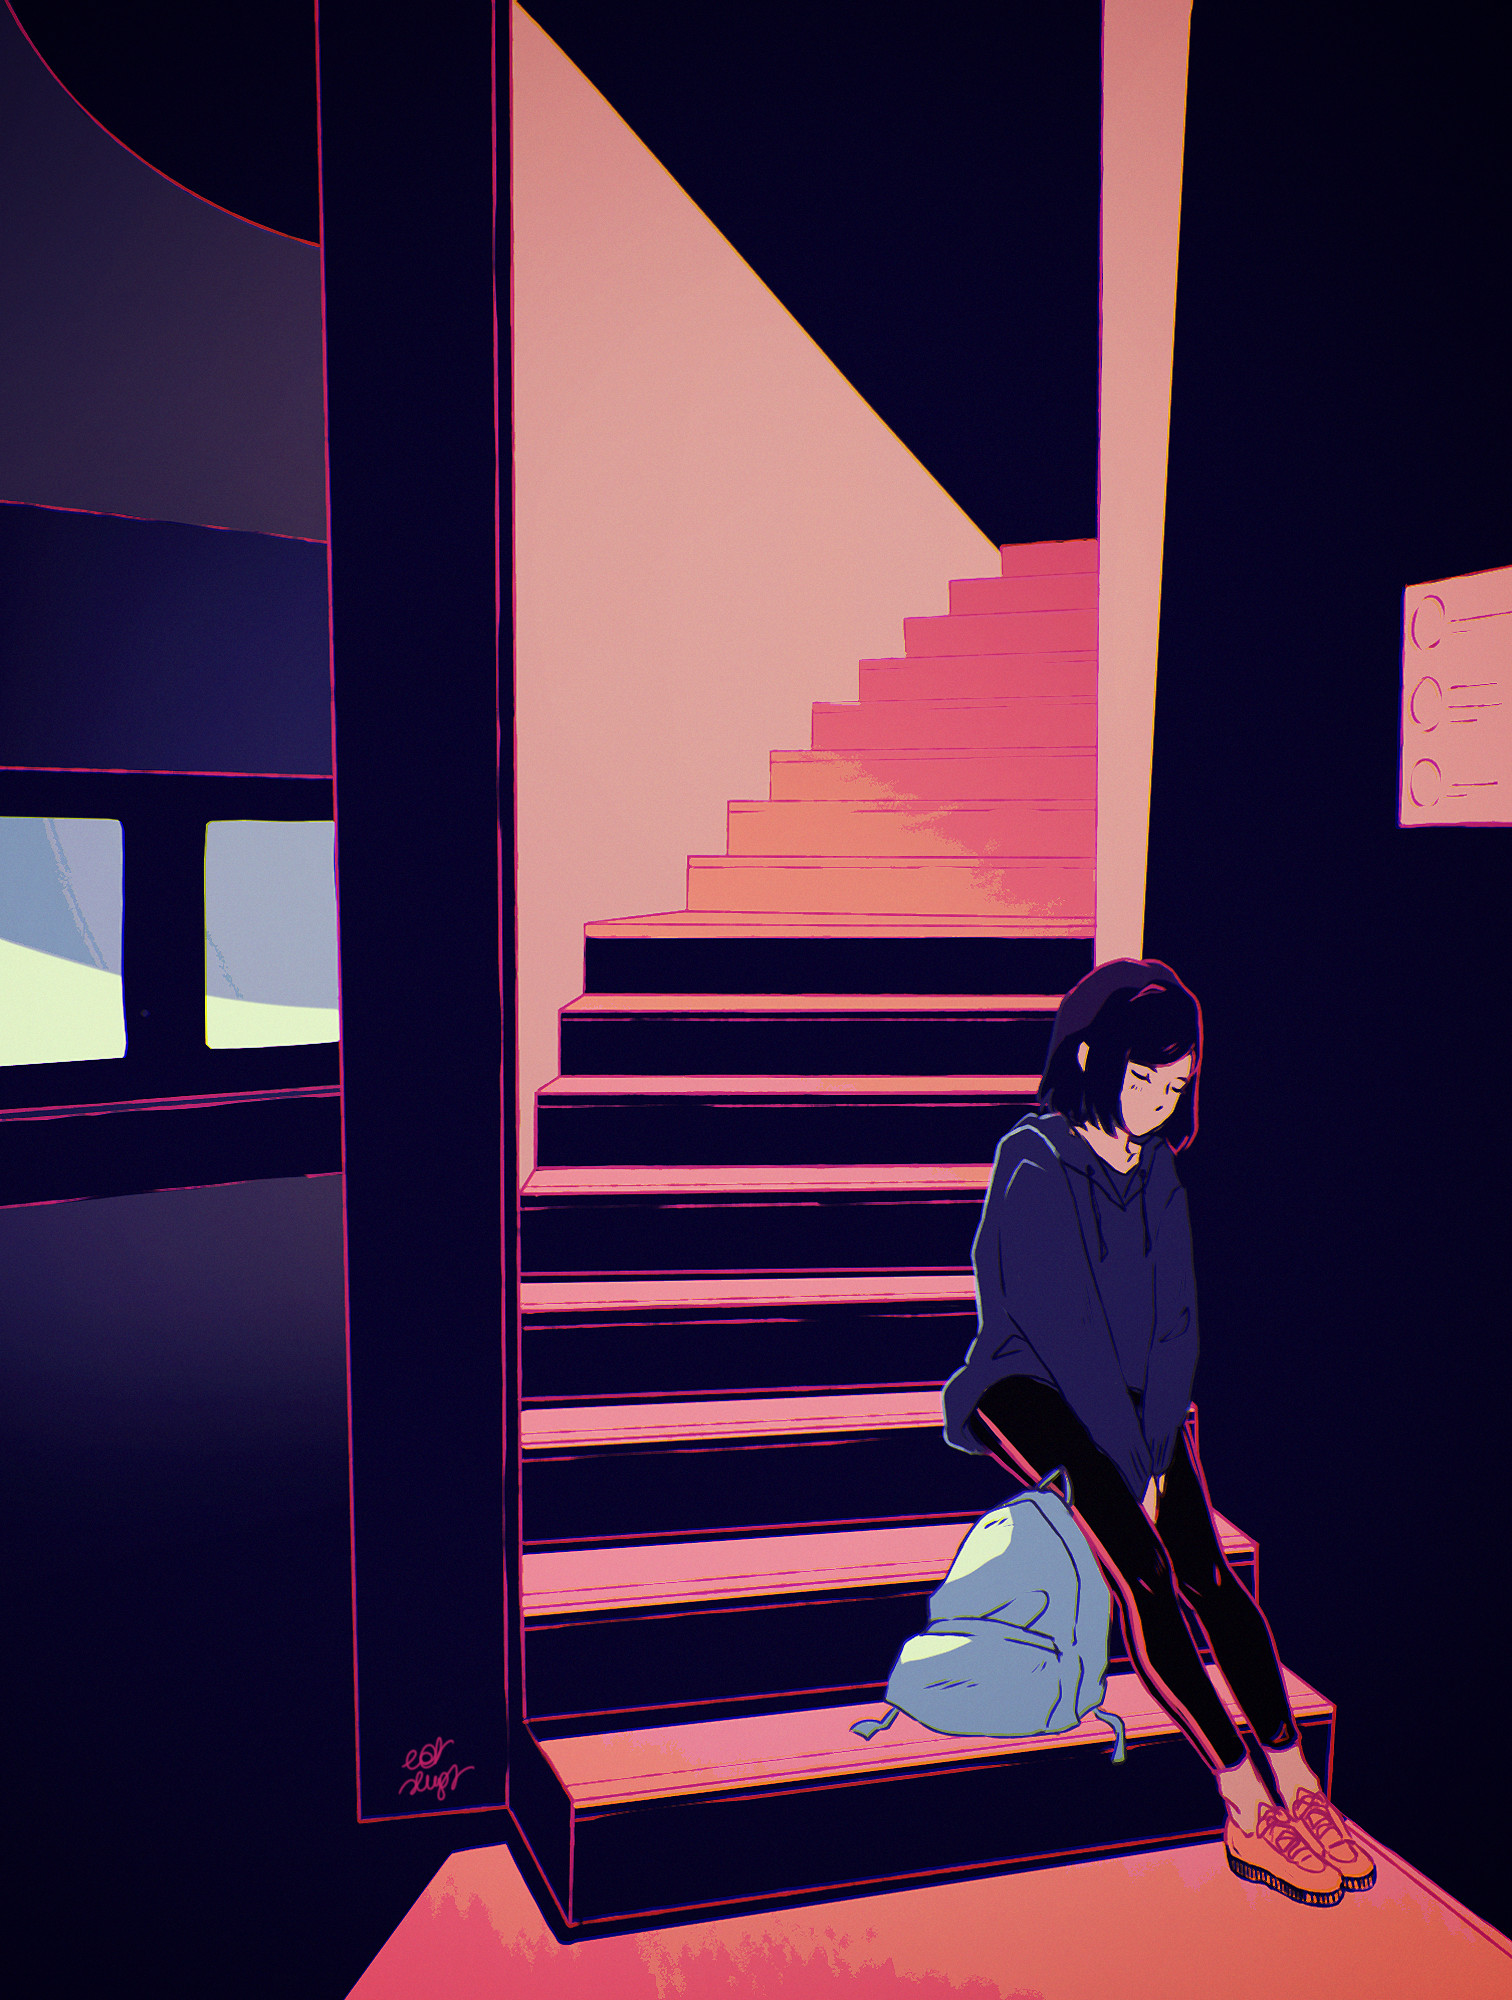 Sorrow stairs, girl, sadness, ladder 8k Backgrounds
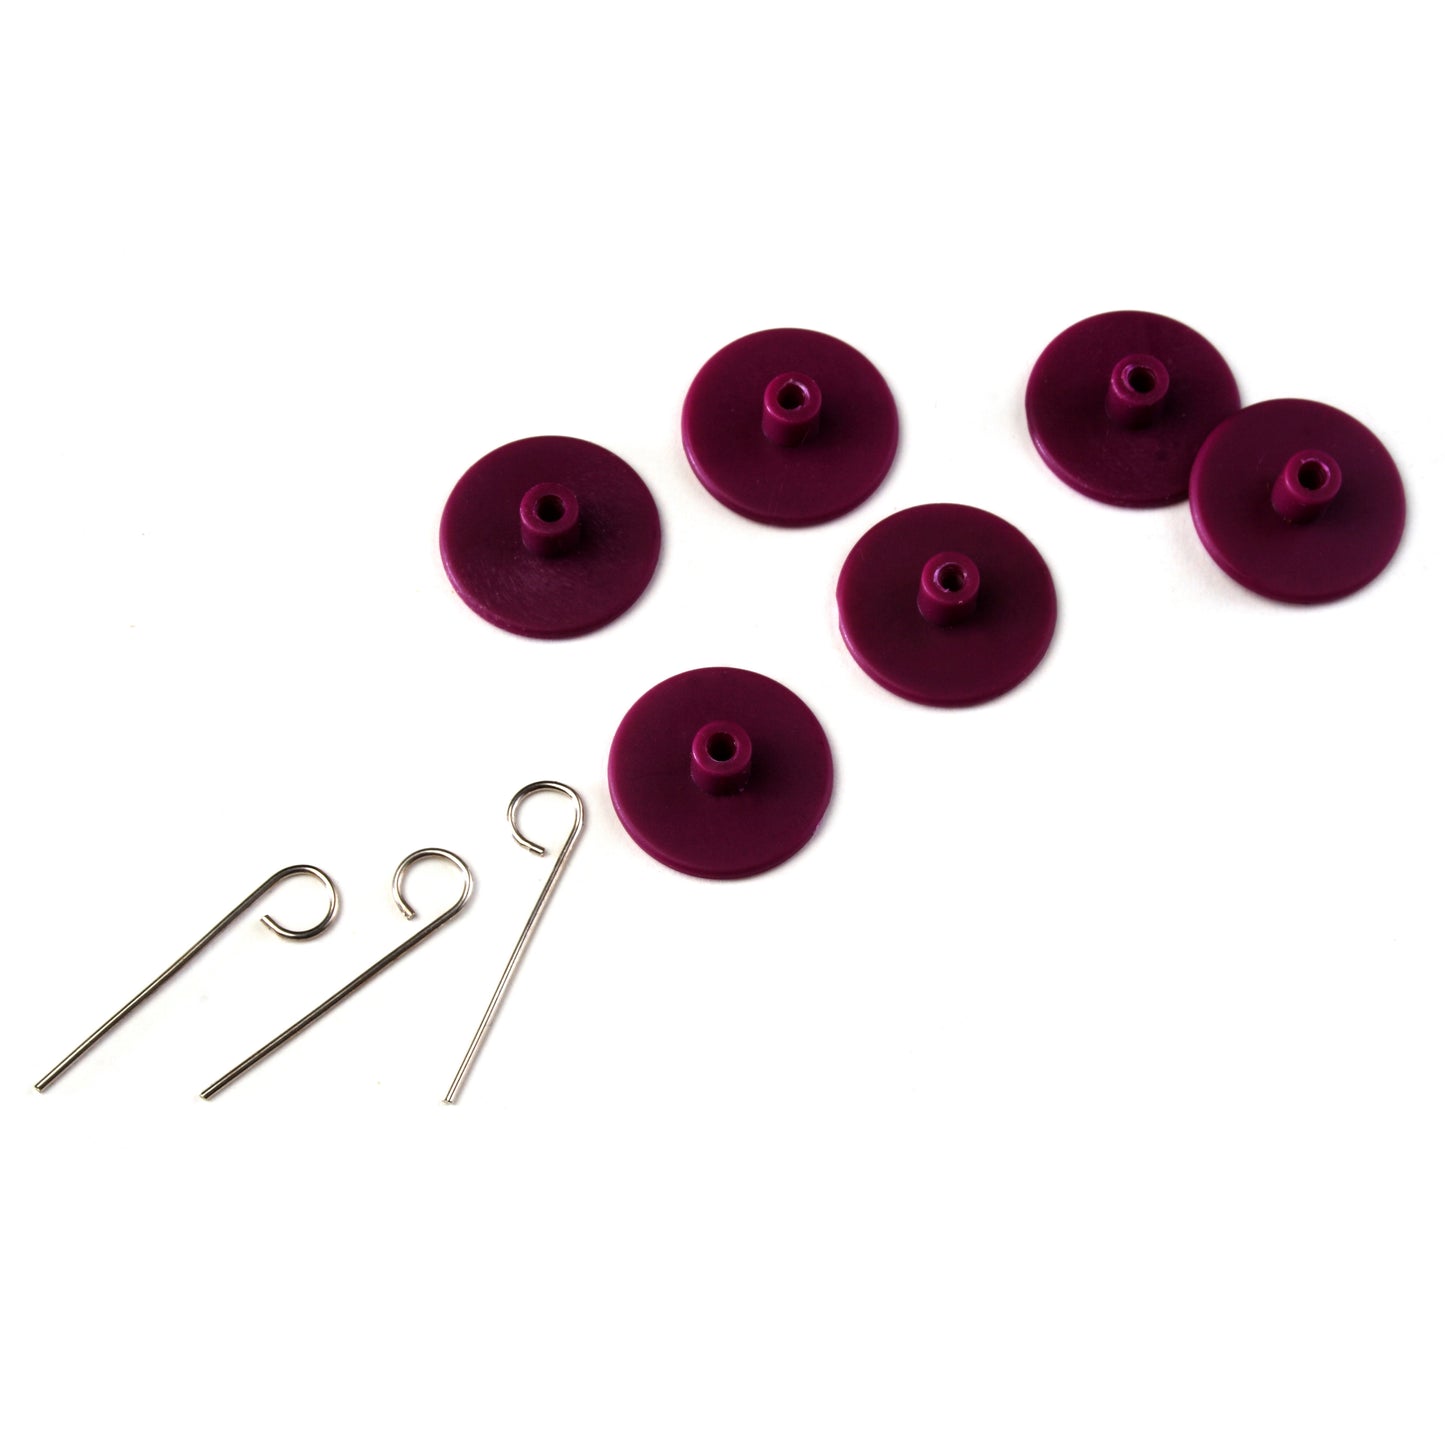 Interchangeable Circular Knitting Needle Cable - Purple by KnitPro
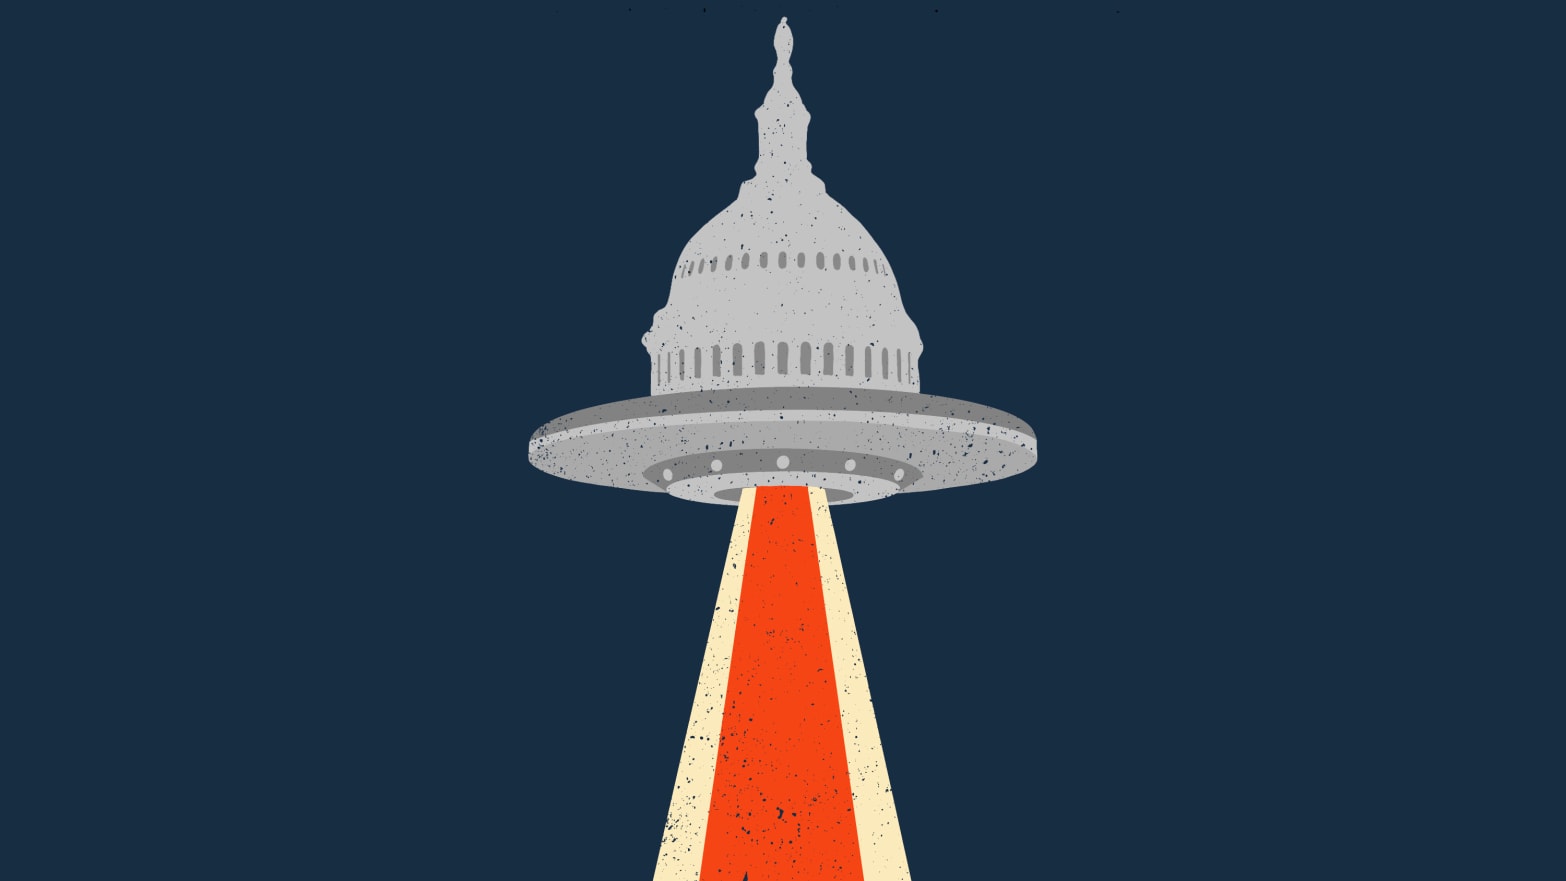 An illustration of the US Capitol building as a flying saucer.

_ABOUT THIS EXERCISE_
Exactly as given, transcribe every line of the data, but not its images.

_FINISHED TASK_
 Sorrow stairs, girl, sadness, ladder 8k Backgrounds
 Interchangeable Circular Knitting Needle Cable - Purple by KnitPro
 An illustration of the US Capitol building as a flying saucer.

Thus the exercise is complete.